The first few sentences of any piece are the most important part. They bring the reader into your story and convince them to read more. Therefore, they absolutely have to be clear and concise. I made a few changes to the punctuation of the first part of your poem and edited the structure in a way that I feel is a bit less confusing; however, this is just a suggestion and you should stick with however you prefer your poem to be structured.

Reading on into the middle of your poem, I discovered that there is a very nice sense of rhythm to your writing that I couldn't detect right off the bat. One other thing that I'd also like to commend you on is how you kept the stanzas short. In a poem as long as this, it's important to keep the reader interested all the way through, and you managed to do that by chopping the poem up into manageable pieces. Great job there.

Soft petals that whisper,
Lost in the commotion.
Painted red,
To hide the emotion.


This is my favorite part of the poem. There's a sense of soft vulnerabilty about it that I like very much. It's beautiful.
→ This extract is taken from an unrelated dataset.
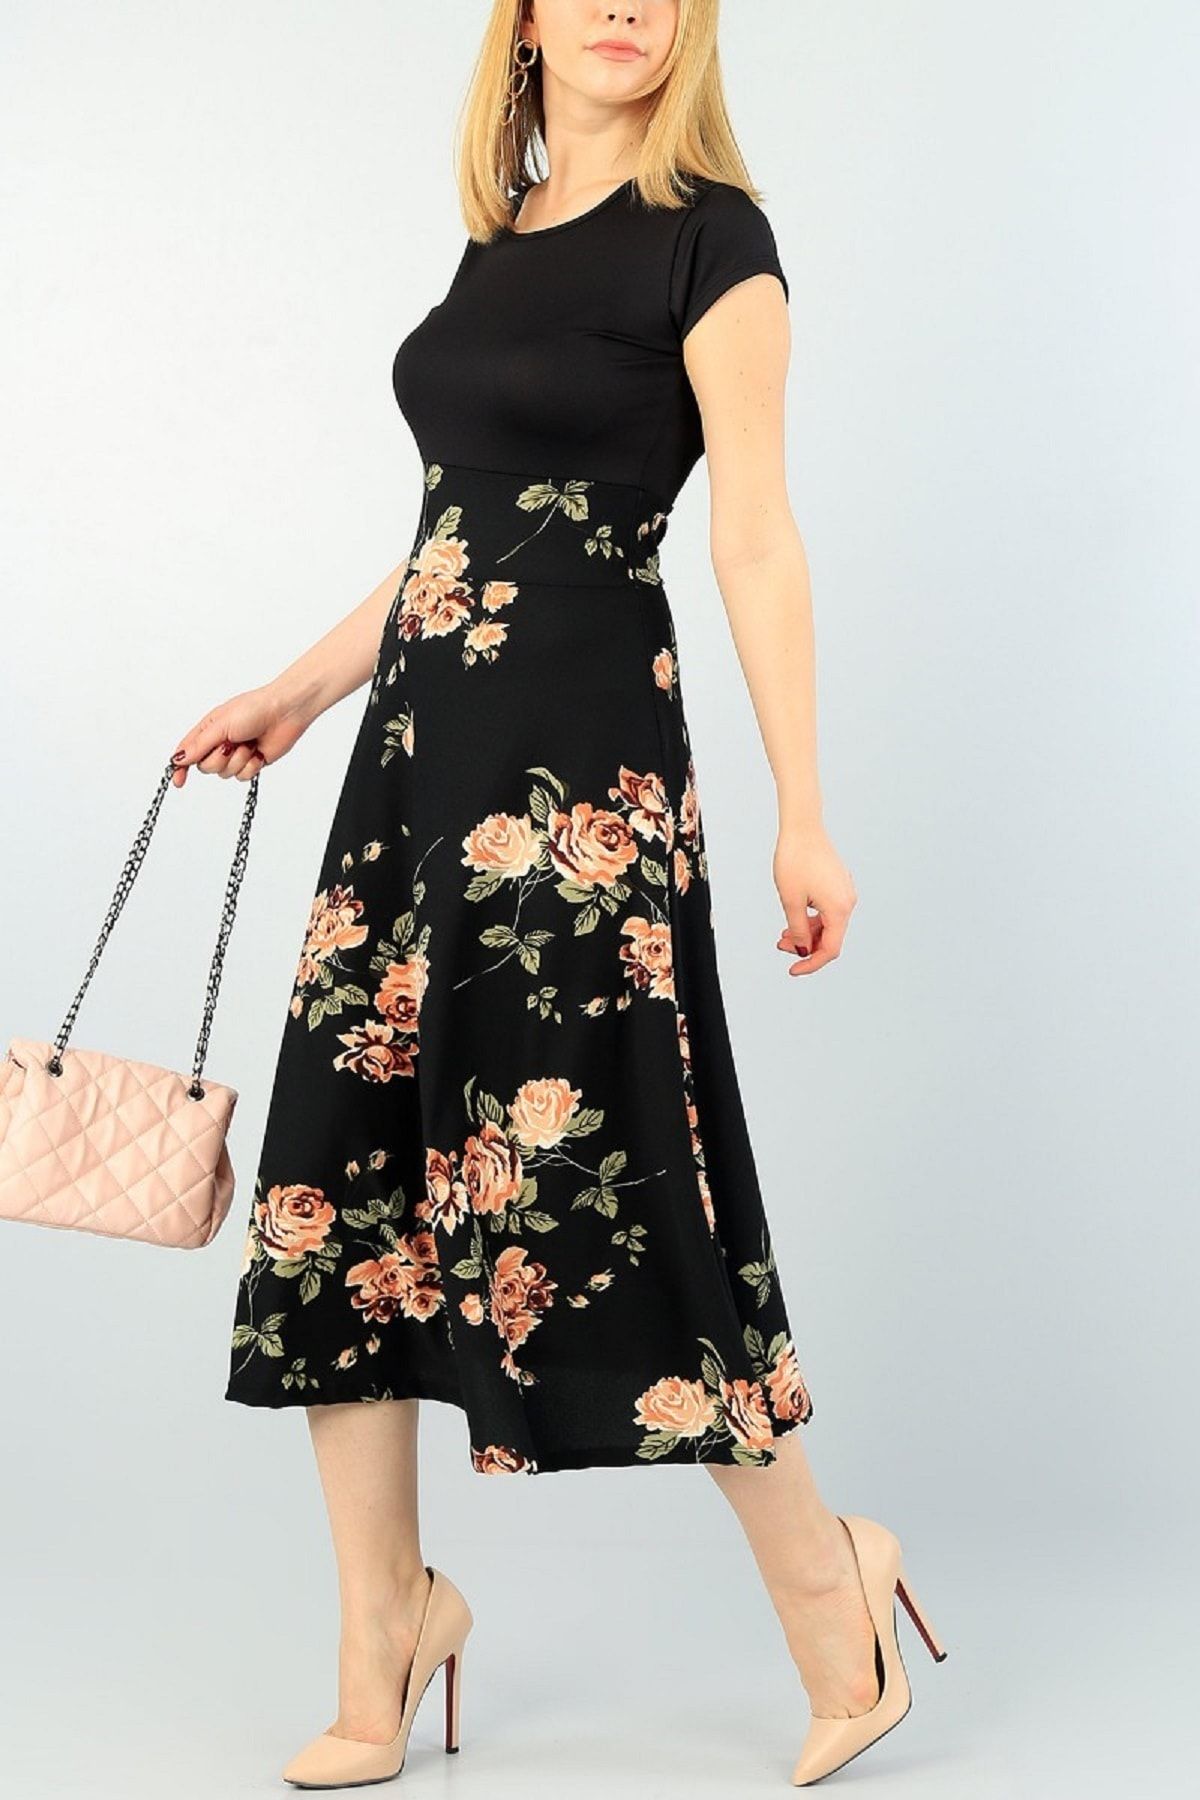 Genel Markalar Kadın Siyah Büyük Beden Tek Parça Krep Kumaş Eteği Gül Desenli Elbise Boy 120cm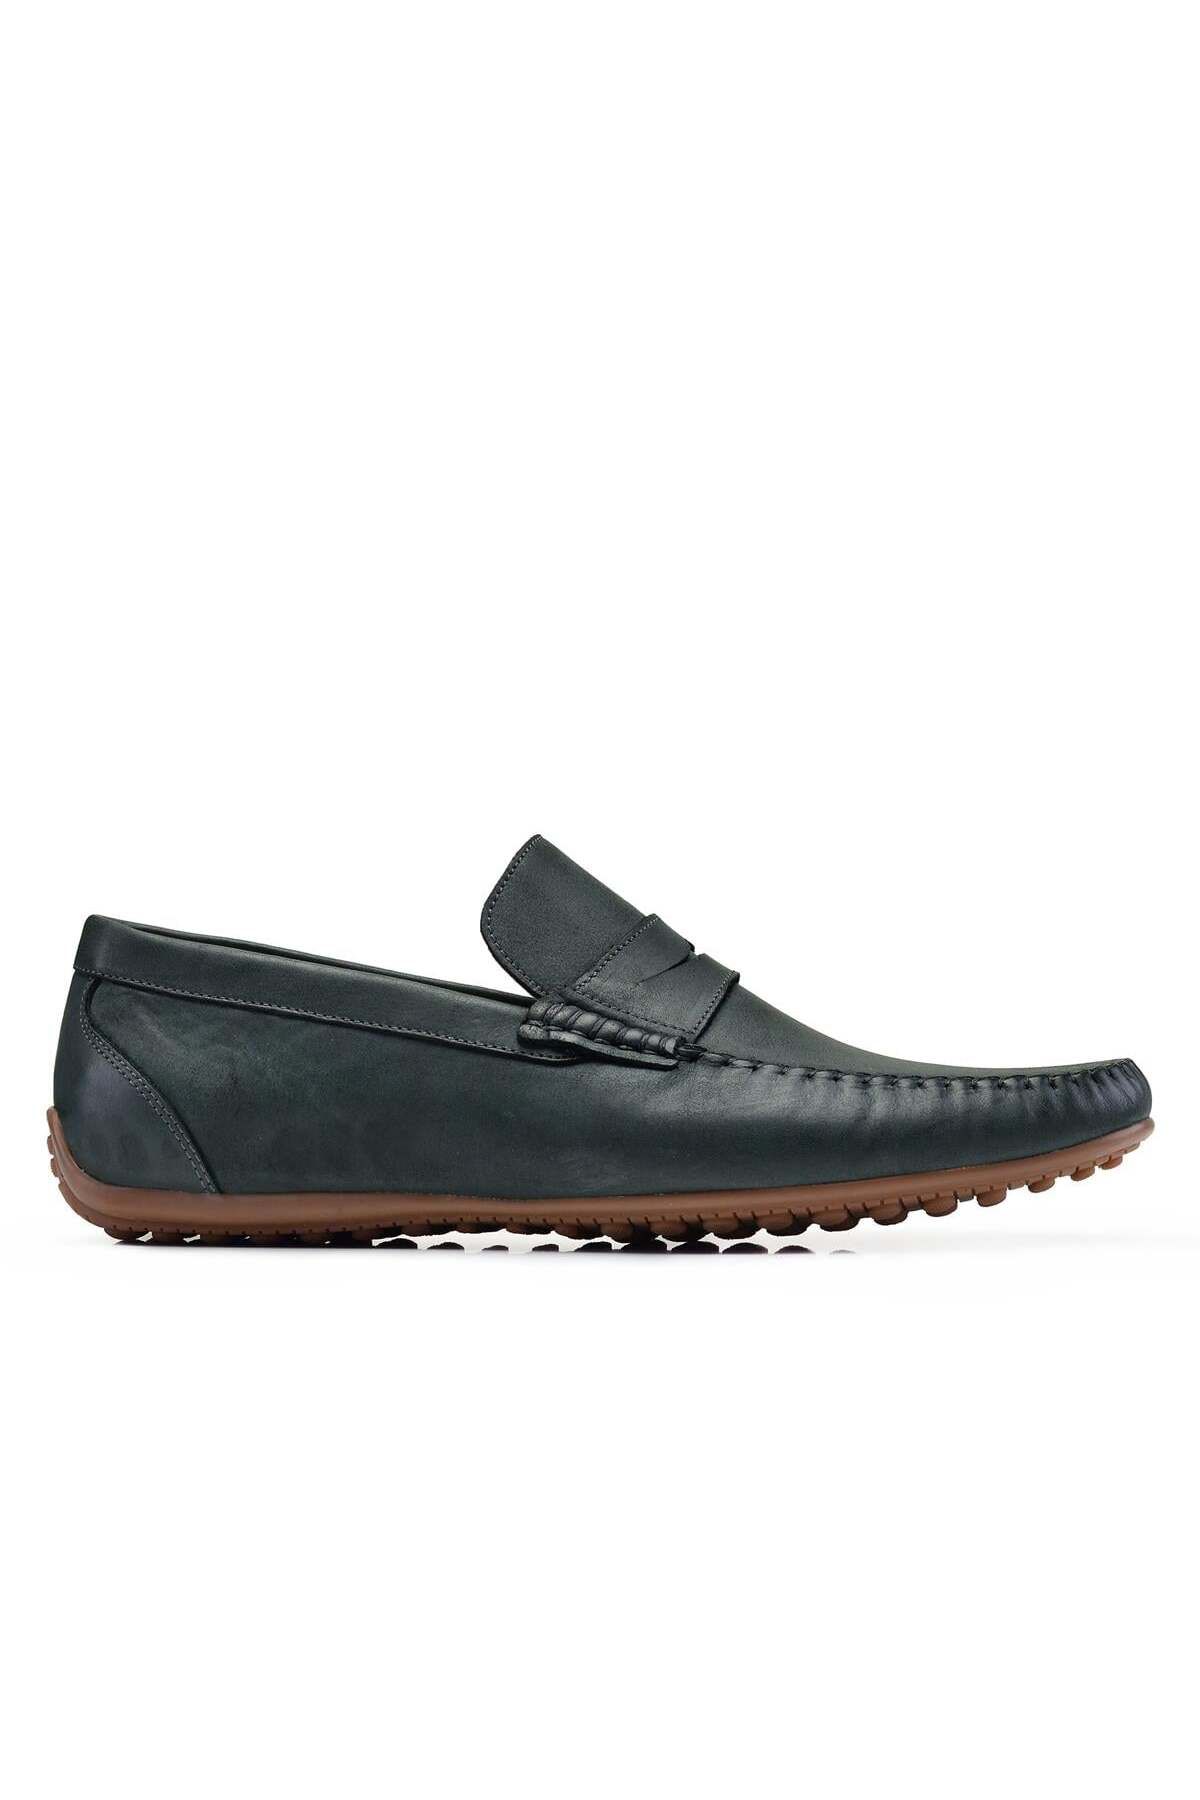 Nevzat Onay Nubuk Koyu Yeşil Yazlık Loafer Erkek Ayakkabı -22927-

I have one last little nitpick for you. It isn't necessary to capitalize the first word of each line; in fact, doing so distracts from what you're saying.

All in all, awesome work! I look forward to reading more from you!

Always always always keep writing!!!

-Rose
“...it's better to feel the ache inside me like demons scratching at my heart than it is to feel numb the way a dead body feels when you touch it."

-Brian James
  








The real voyage of discovery consists not in seeking new landscapes, but in having new eyes.